In addition, Woodward is providing certain non-U.S. GAAP financial measures. We direct your attention to the reconciliations of non-U.S. GAAP financial measures, which are included in today's slide presentation and our earnings release and related schedules. We believe this additional information -- financial information will help in understanding our results.
Now turning to our results for the first quarter. Net sales for the first quarter of fiscal 2021 were $538 million compared to $720 million for the prior year quarter, a decrease of 25%. Net earnings and adjusted net earnings for the first quarter of 2021 were both $42 million or $0.64 per share. For the first quarter of fiscal 2020, net earnings were $53 million or $0.83 per share, and adjusted net earnings were $71 million or $1.10 per share.
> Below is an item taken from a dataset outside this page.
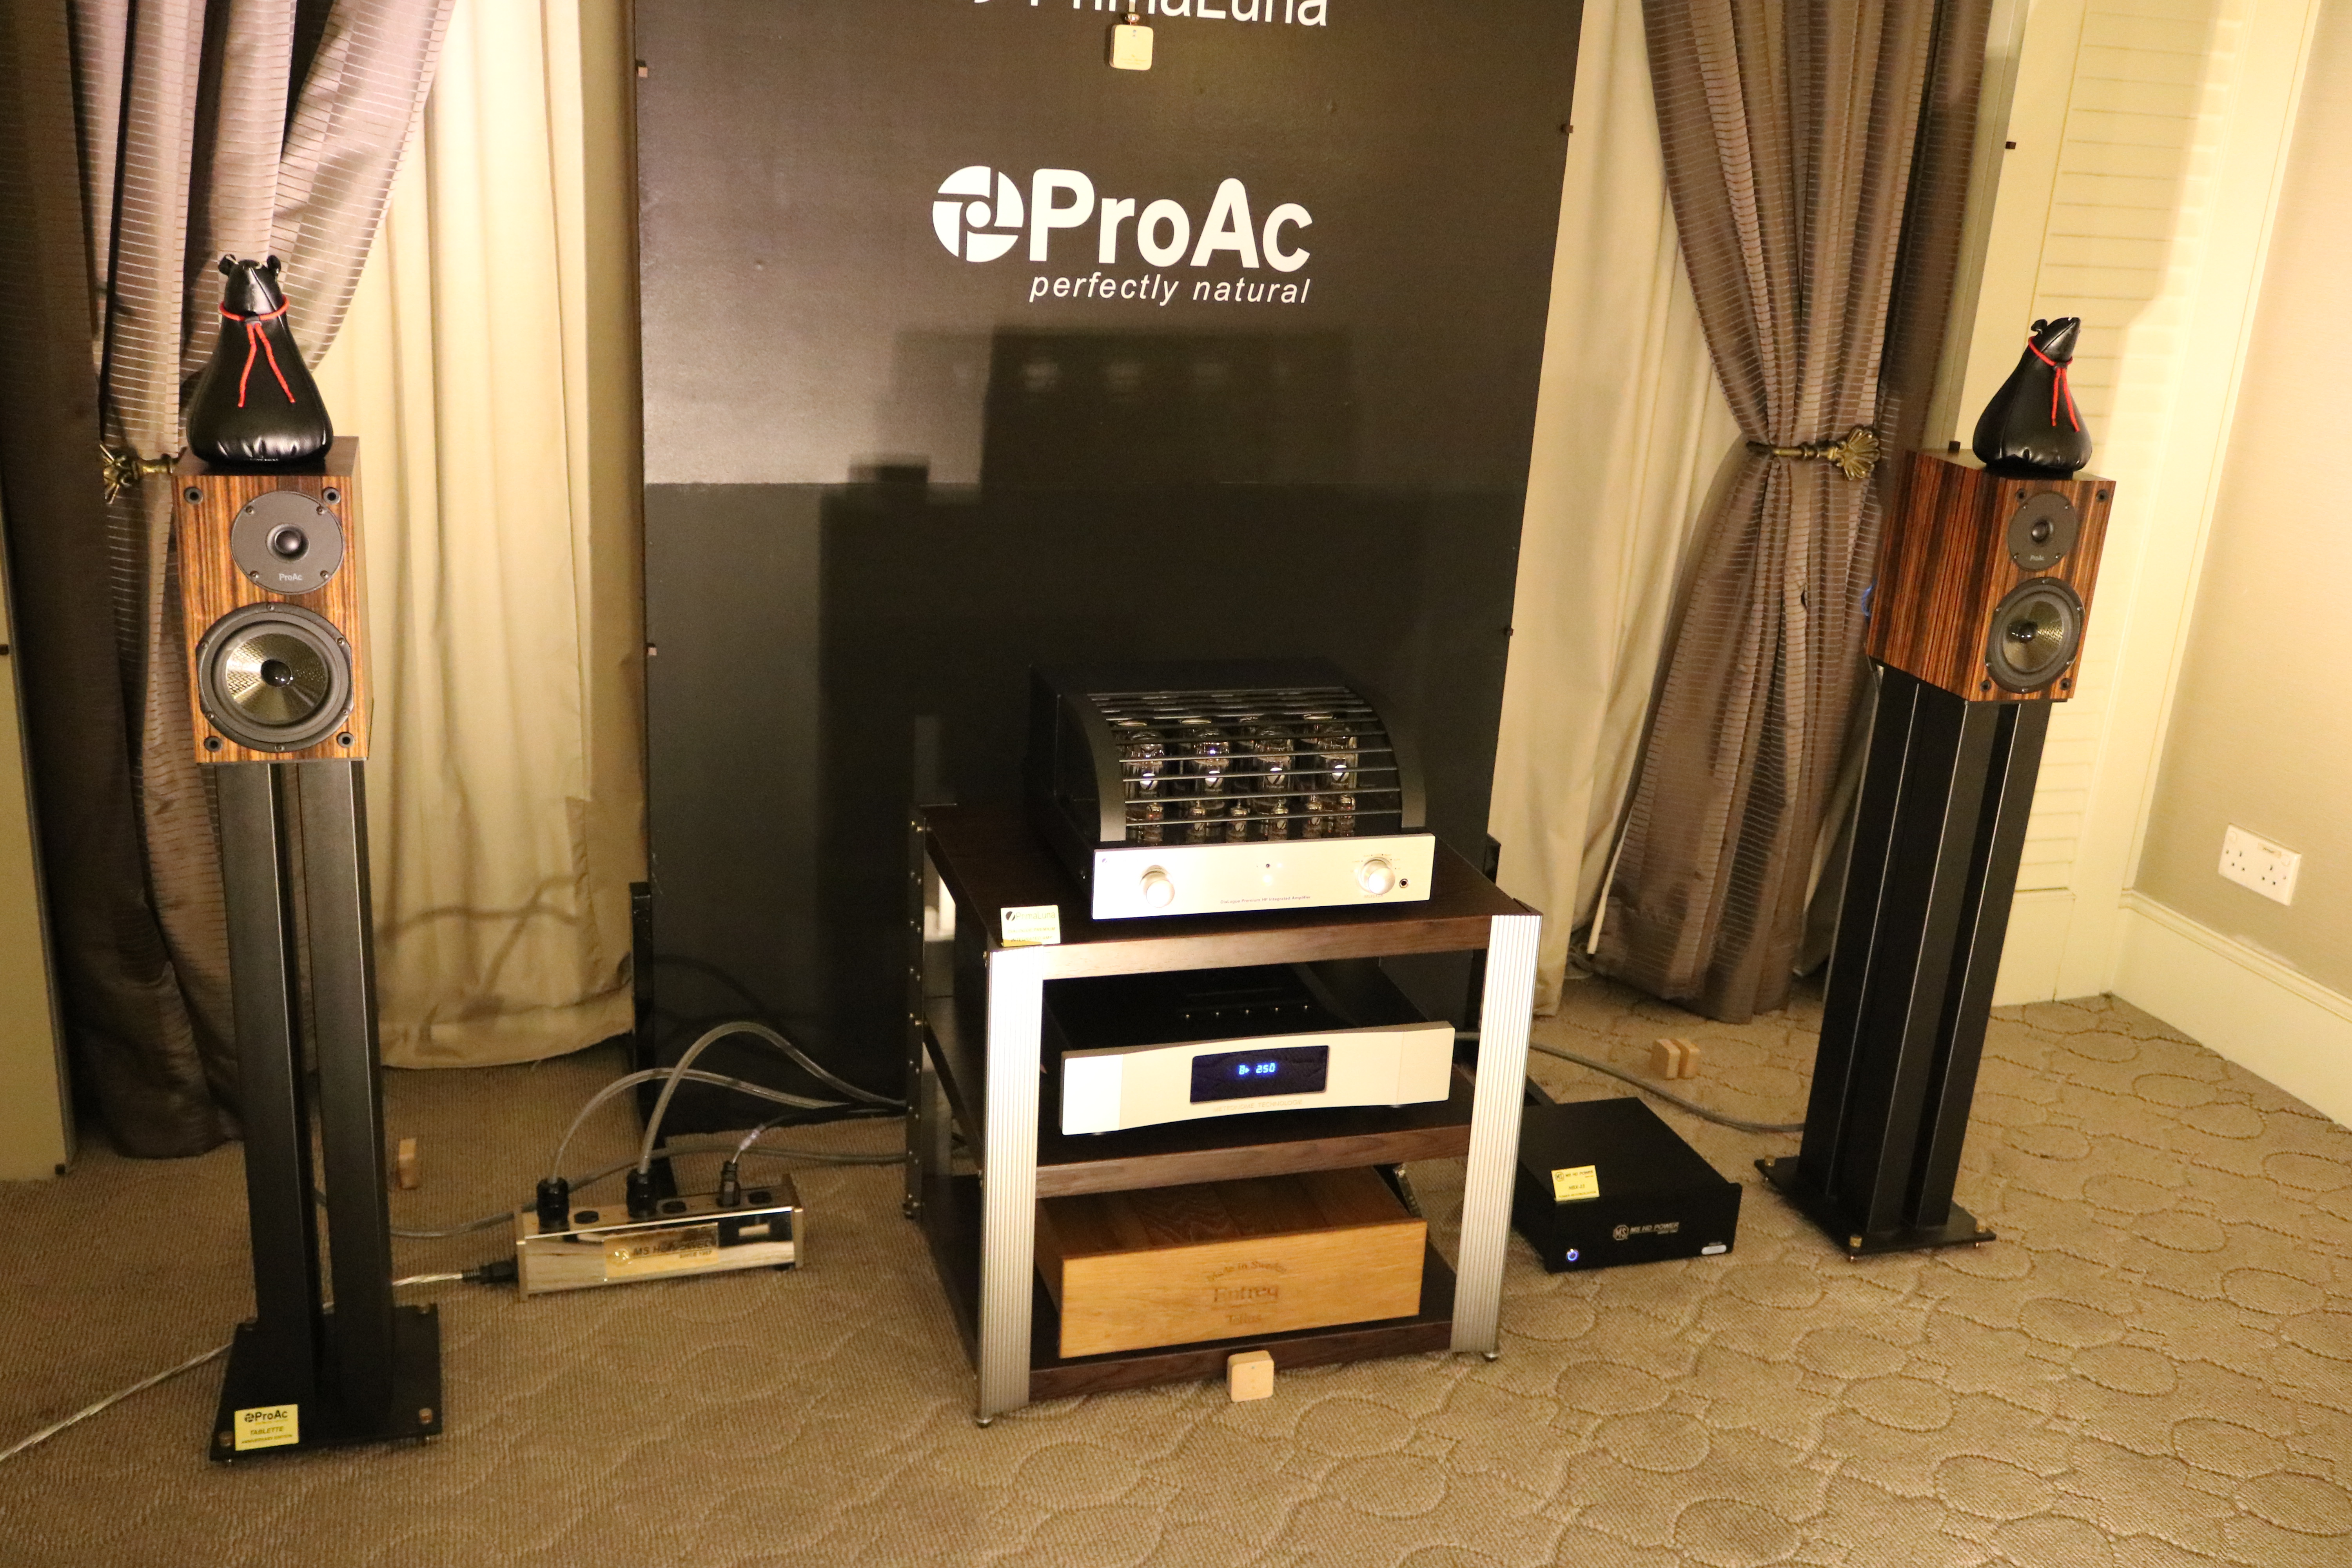 ProAc Tablette, PrimaLuna and Metronome system in the CMY room.

Net cash provided by operating activities for the first quarter of 2021 was $147 million compared to $27 million for the prior year quarter. For the first quarter of 2021, free cash flow and adjusted free cash flow were both $139 million. For the first quarter of 2020, free cash flow was $10 million and adjusted free cash flow was $29 million.
Now I will turn the call over to Tom to comment further on our results, strategies and markets.
Thank you, Don, and good afternoon, everyone. The negative impact of COVID-19 continues to weigh heavily on the world's economy with resurgences and new viral variants contributing to significant uncertainty.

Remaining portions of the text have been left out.